За окном уже потемнело. Я пытался читать. Строки убегали куда-то… Я перечитывал одно и то же по нескольку раз, но смысл испарялся, как нашатырь. Я уже стал клевать носом, пытаясь осилить главу. Нет, невозможно, просто невозможно. Я положил книгу на стол. Из-за тусклого освещения комнаты — её освещала слабая лампочка, торчавшая прямо из середины побелённого потолка, — глаза устали. Я с силой зажмурил их и потёр пальцами. Когда я открыл глаза, всё приобрело красноватый оттенок. Я пробежался взглядом по голым стенам и потолку… Нет, невозможно, решительно невозможно. Где-то в груди — будто камень, тянущий меня вниз. Эта аскетическая комната, кажется — высасывает из меня жизнь и цвет. Цвет точно куда-то пропал: везде только бледно-бежевый, неясно-бурый, серый, белый и все их смеси и оттенки. Палитру нарушает только стол. Он тёмно-коричневый — как бы под дерево, хотя сделан на самом деле из ДСП, и вид у него самый что ни на есть жалкий и дешевый. Именно благодаря этому, а также из-за «пьяных» ножек (они — в разные стороны) он не нарушает «гармонии» и единообразия комнаты. За стеной — глухое бормотание соседей, с кухни по коридору доносится гам и бряканье тарелками и кастрюлями, по самому коридору временами кто-то ходит, топает, шмыгает — в одиночку или в компании, молча или беседуя о чем-то. Мои соседи, живущие надо мной, передвигают что-то из мебели. Сейчас особенно шумно; шум весь этот, честно говоря, мне не очень нравится: у меня из-за него болит голова, да и вообще человек должен иметь право на тишину. Кратковременное затишье наступает только в те минуты, когда включается холодильник. Он у меня старенький, белого цвета, но весь в каких-то рыжих подтёках, которые мне никак не удаётся оттереть. Вот сейчас он опять включился: наполнил комнату своим равномерным гулом, тарахтением, жужжанием. Звук несильный, но благодаря нему не слышно больше ничего. Холодильник работает всего несколько минут, а потом отключается. Шум вновь слышен.

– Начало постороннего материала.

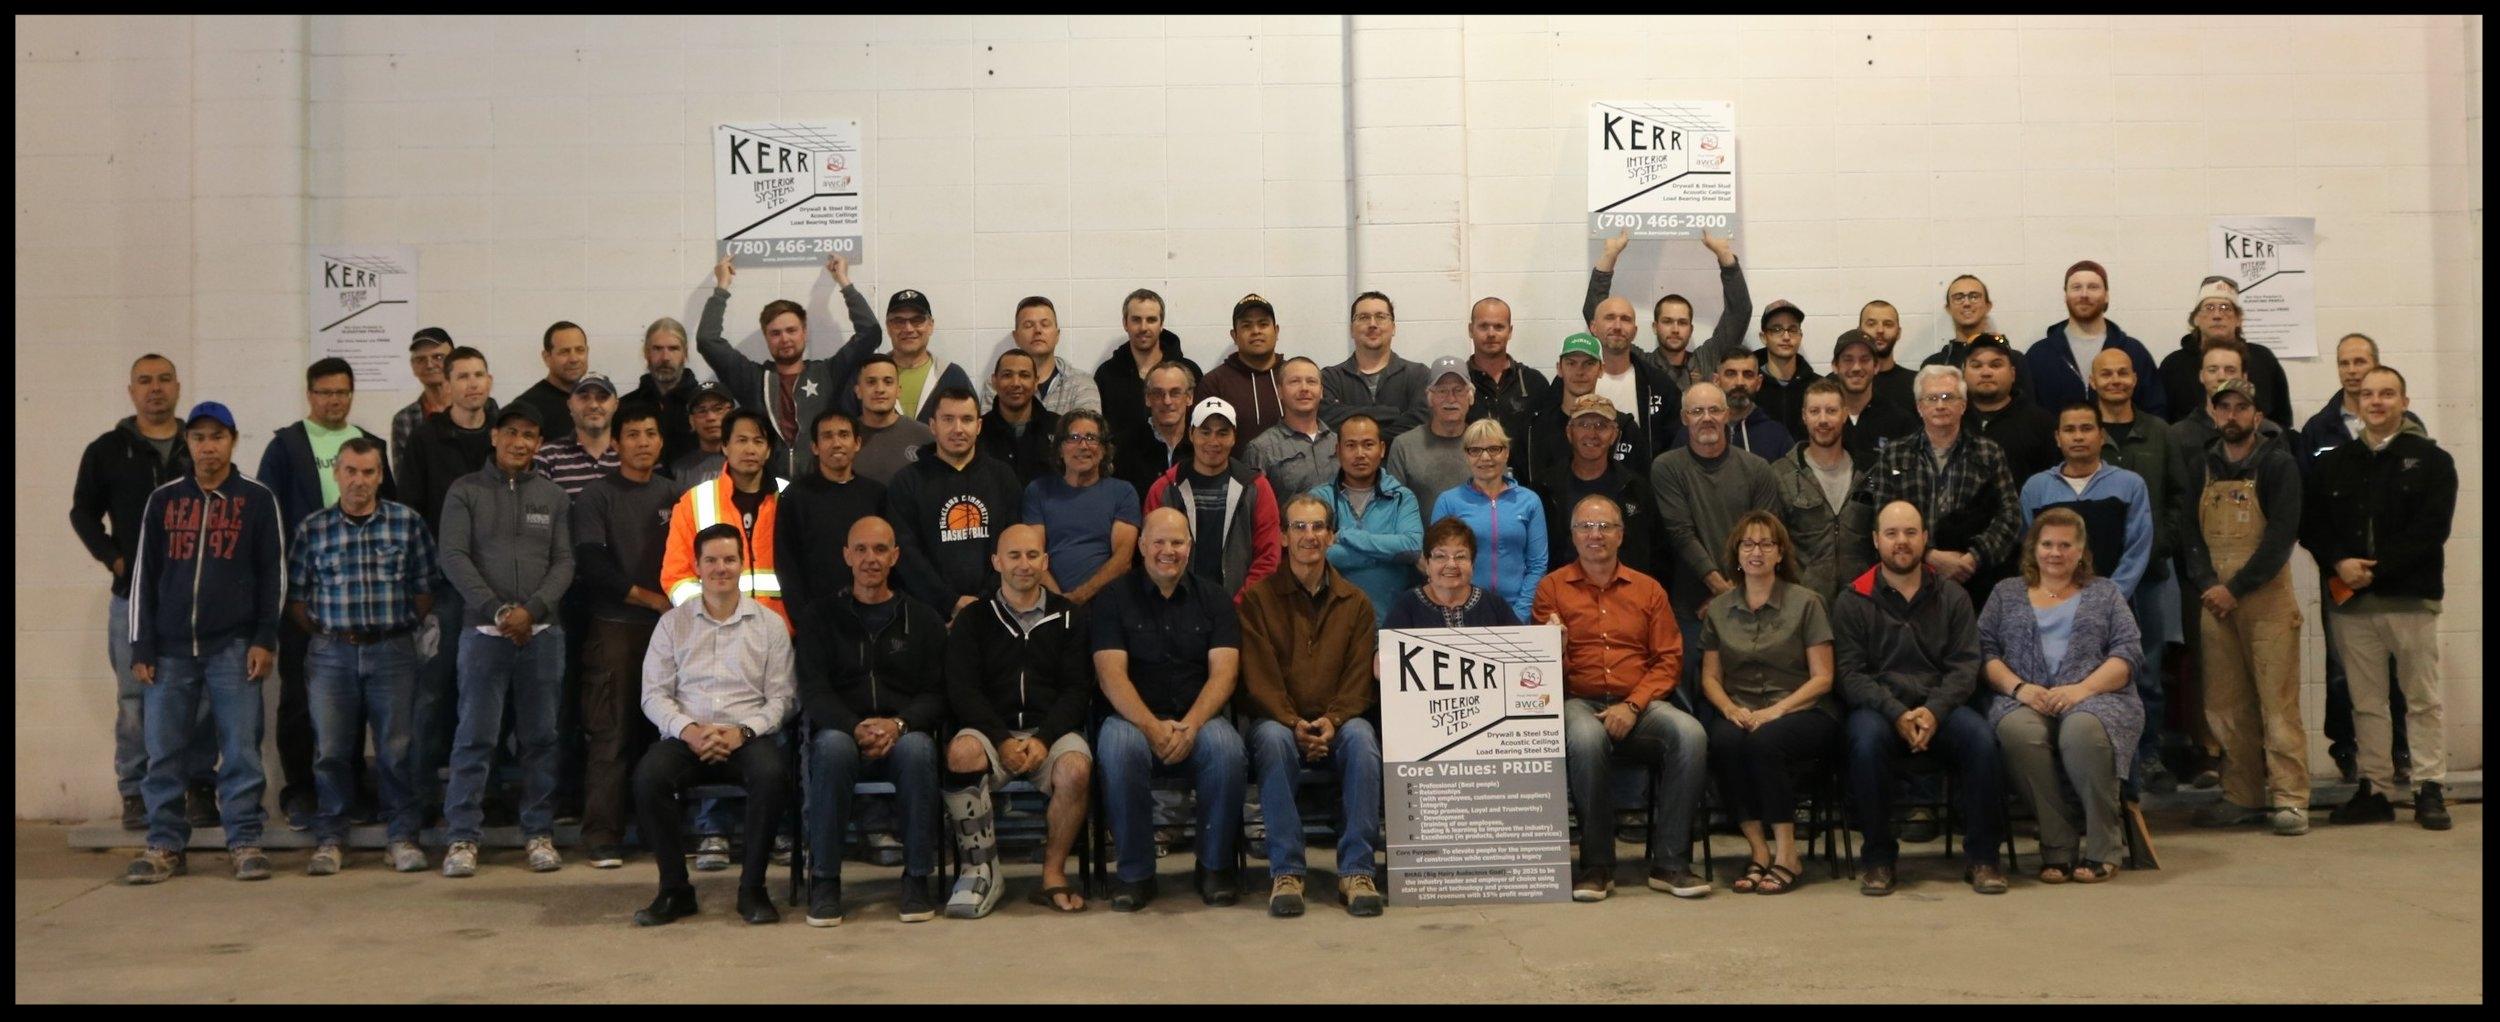 Safety Breakfast June 5, 2018- The KERR Team

Я надел тапочки и встал с кровати. Под ногами буро-коричневый линолеум с заурядным, пошлым орнаментом. В некоторых местах на линолеуме белые капли от краски: предыдущий владелец, видимо, здесь что-то красил. Половой линолеум — противная штука: когда по нему ходишь в тапочках, они неприятно шаркают. Я решил подумать о чём-нибудь или помечтать; обычно я это делаю, когда хожу. Я прошёл от стола до двери (три шага), потом обратно. После нескольких проходов закружилась голова. Нет, мечтать здесь тоже нельзя: тесно.

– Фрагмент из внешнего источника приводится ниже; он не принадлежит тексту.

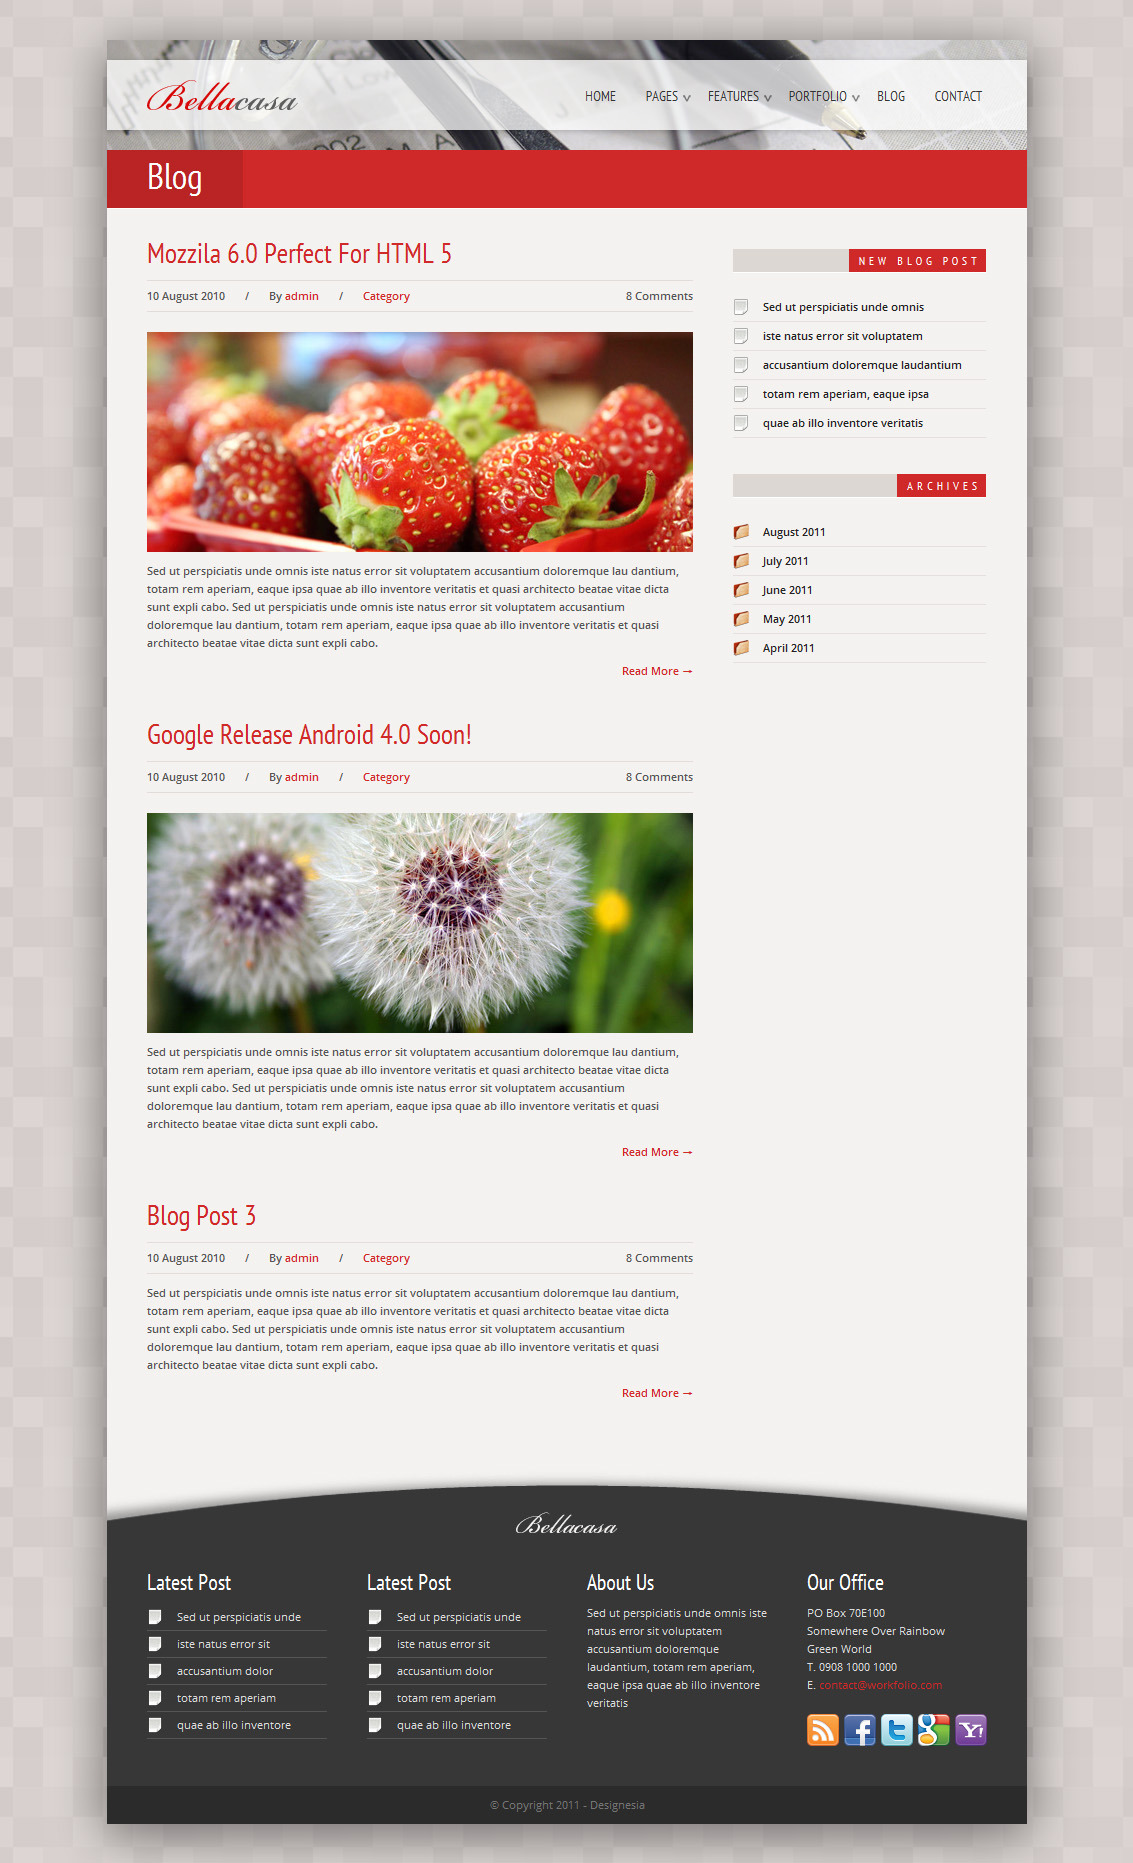 Bellacasa - Clean & Modern Website Template

Мне хотелось хоть какую-нибудь часть своего тела занять чем-нибудь. Открыл холодильник: пачка сливочного масла; морозилка: снег и ледяные сталагниты. Закрыл его. Невозможно…

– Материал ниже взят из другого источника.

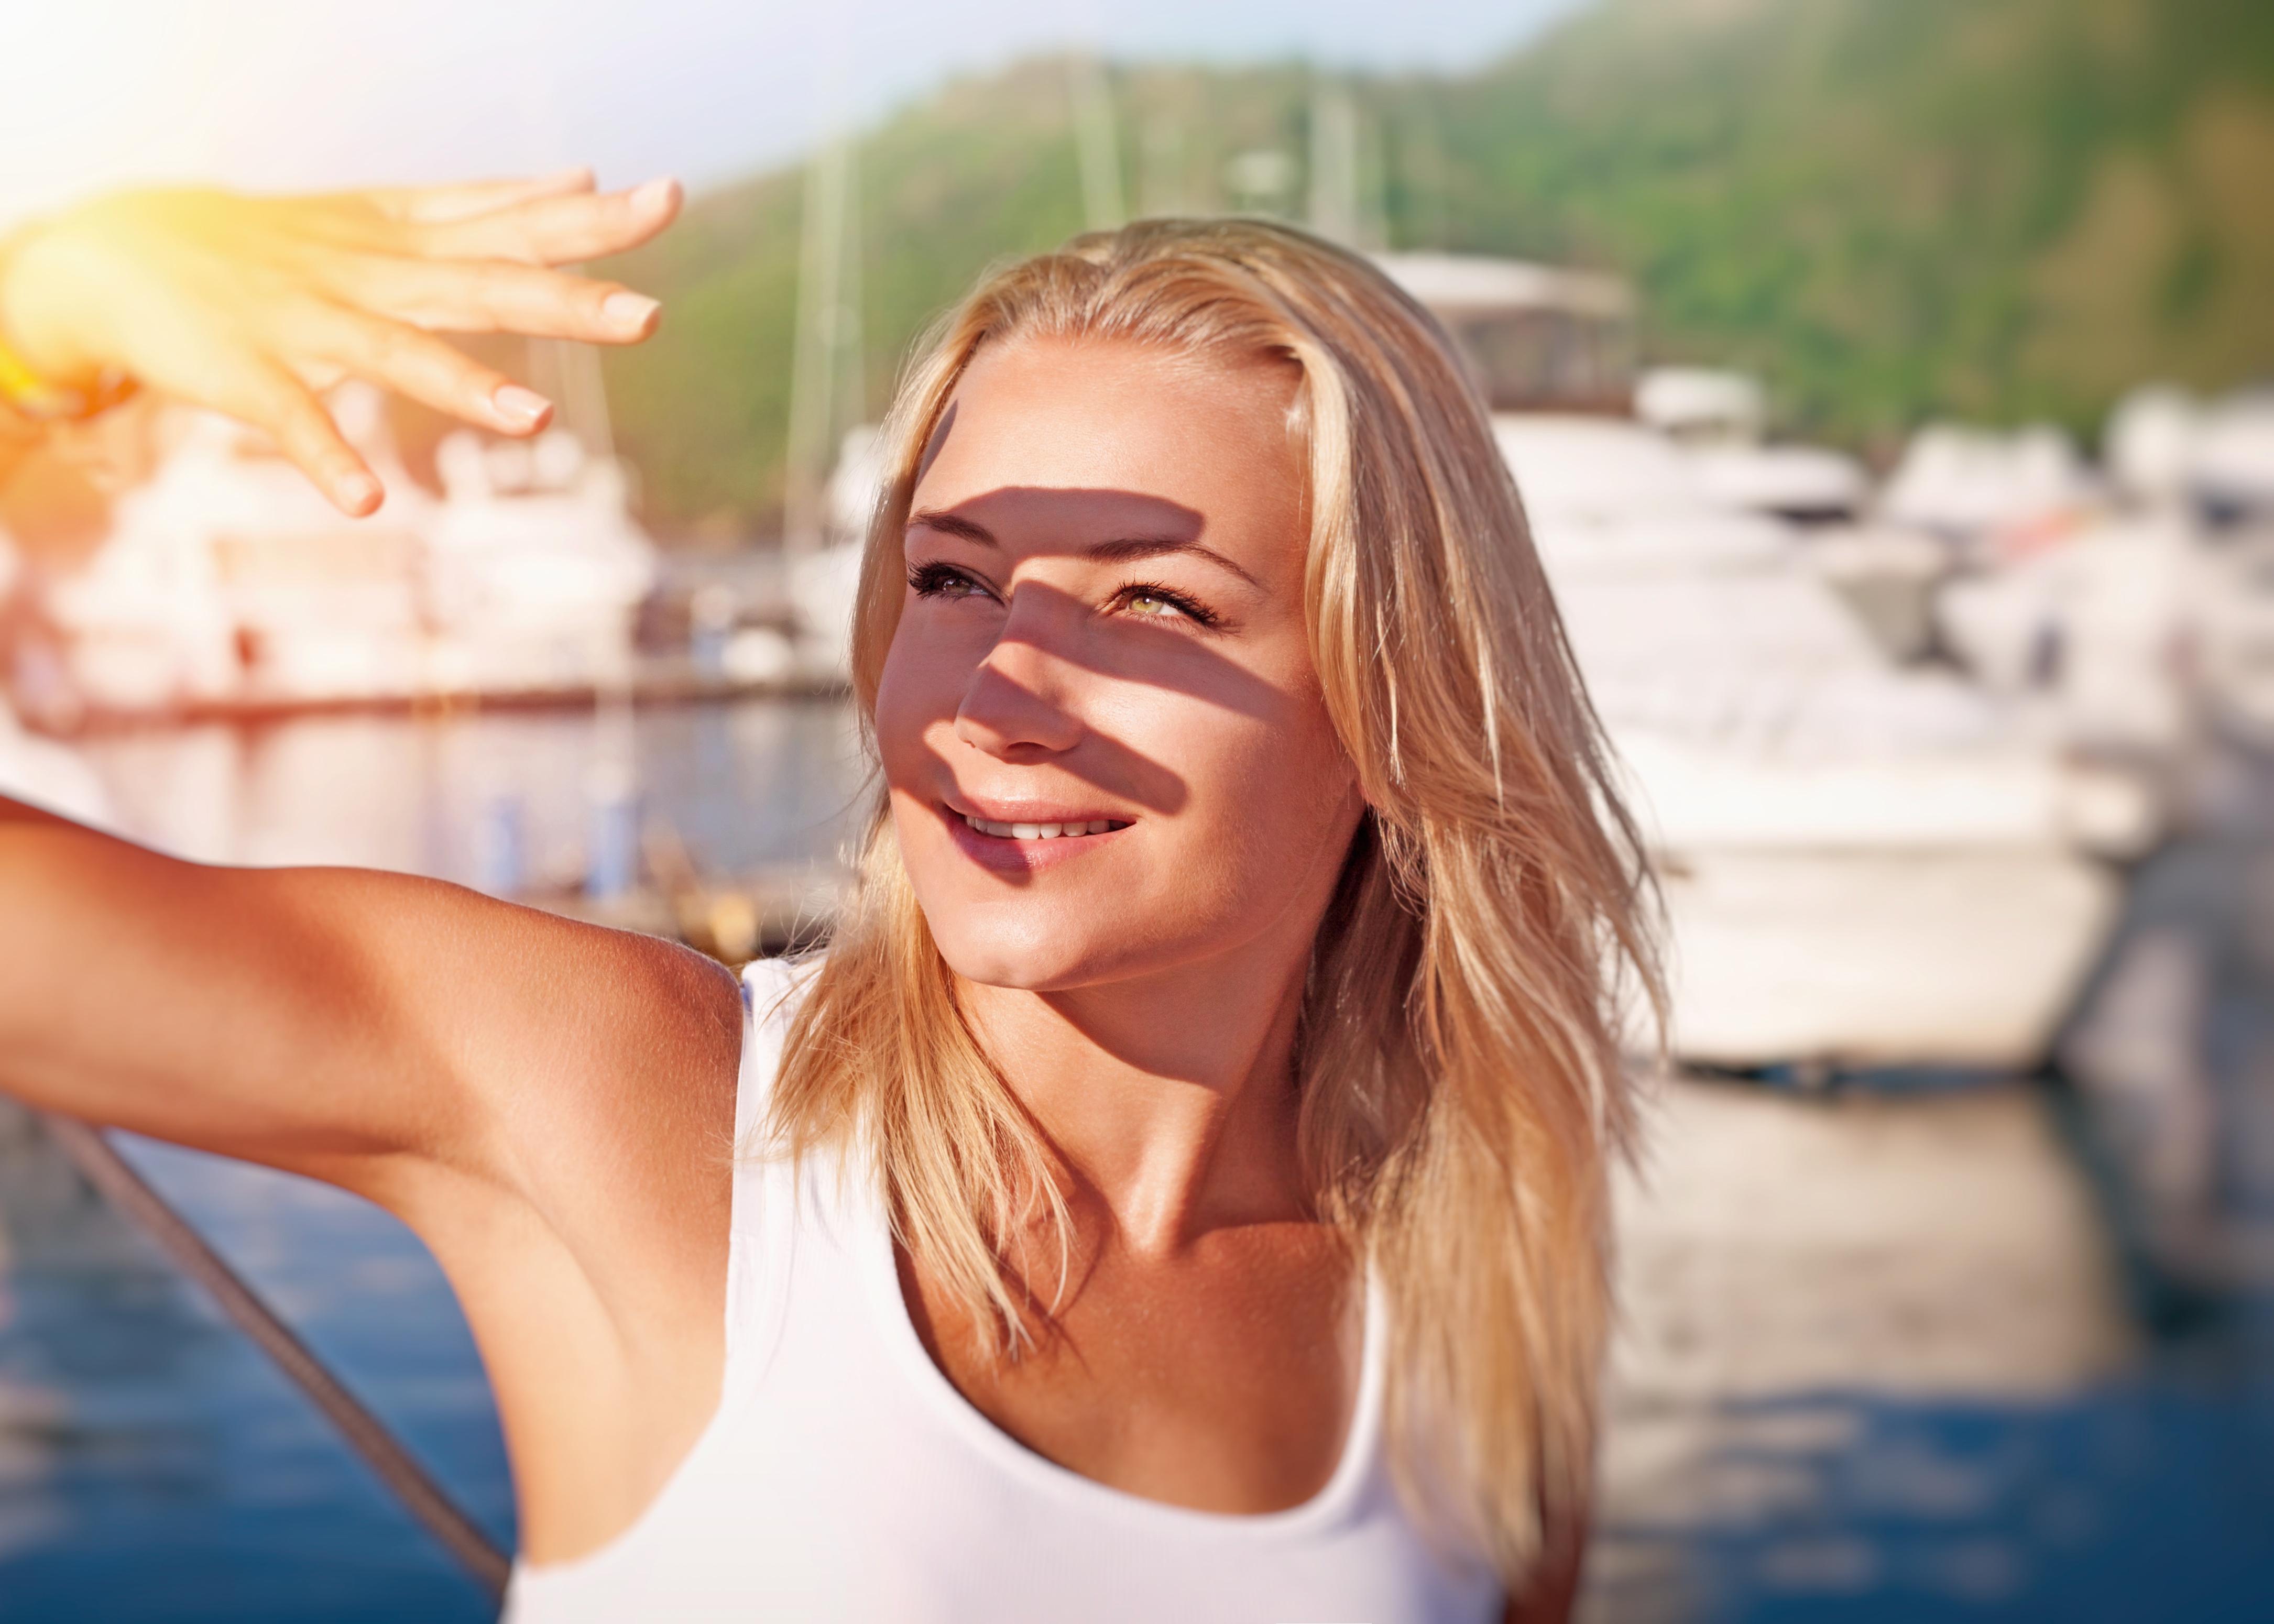 shielding eyes from sun -- eye health

На глаза мне попалась тетрадь — мой дневник. Может, хоть там что-нибудь есть.

Я сел за стол и открыл тетрадь, взял шариковую ручку. Я написал: «Десятое октября» в середине. Первая фраза как-то долго не шла… В конце концов я написал: «В холодильнике пусто. Читать не могу. Тускло светит лампочка. На улице темнота». Больше ни буквы написать я уже не мог. Я только пожалел, что сел за дневник. В нем читать я тоже ничего не мог: знал уже почти все строчки наизусть, да и интересны они были не более чем моя последняя запись. От дневника мне стало ещё противнее.

Я опять сел на кровать. Мимо моей двери вновь кто-то прошёл, разговаривая. Соседей своих я никогда не видел. У них своя жизнь, у меня — своя. Когда я приходил на кухню, то либо плиты были свободны, либо на них стояли сковороды, кастрюли или чайники, — но людей на кухне никогда я не встречал. Неподалёку от моей комнаты курилка; может, я бы мог кого-нибудь встретить там, но я не курю, да и вообще не переношу табачного дыма. Так как курилка недалеко от моего коридора, то зачастую в него проникает табачный дым, от чего я кашляю и меня тошнит; значит, я прав: кто-то в курилке бывает. В коридоре я тоже ни с кем не сталкивался: может быть, меня сторонились. Таким образом, с соседями я никогда не встречался. Нет, я, конечно, мог бы постучать в какую-нибудь из соседних дверей и попытаться завязать знакомство, использовав старый как мир «соляной» способ (извините, у вас соли не найдётся?), но… я не знаю своих соседей, совершенно не знаю. Честно говоря, я даже не решаюсь подойти к незнакомой двери, постучать в неё. За каждой дверью — свой мир, который человек сам создаёт вокруг себя; где бы он ни был, он неосознанно пытается воссоздать свою вселенную, что носит всегда в себе. В каждой жилой комнате свой мир, свои правила, свои запахи… Да и я… попросту вот не могу подойти к двери и постучать в неё: меня словно какая сила отталкивает. Ну и я вроде как чем-то внутренним улавливаю чуждость соседей… Нет-нет, мне достаточно того, что я слышу соседей: я понимаю, что тут, за стенкой, кто-то есть; они ходят друг к другу в гости, пьют чай, обсуждают что-то, знакомятся и стараются не встречаться со мной (или же они не замечают меня? Или это всё чистая случайность?). Ну что ж… мне достаточно и их шума. Хотя, честно сказать, иногда от него устаёшь. Правда, сейчас я сижу на кровати и что-то там внутри у меня… скребётся. Я бы рад был бы с кем-нибудь поговорить, да не с кем. Тяжело думать… тяжело что-либо делать… Подушка магнитом тянет меня, от желтого электрического света хочется закрыть глаза. Комната высасывает меня…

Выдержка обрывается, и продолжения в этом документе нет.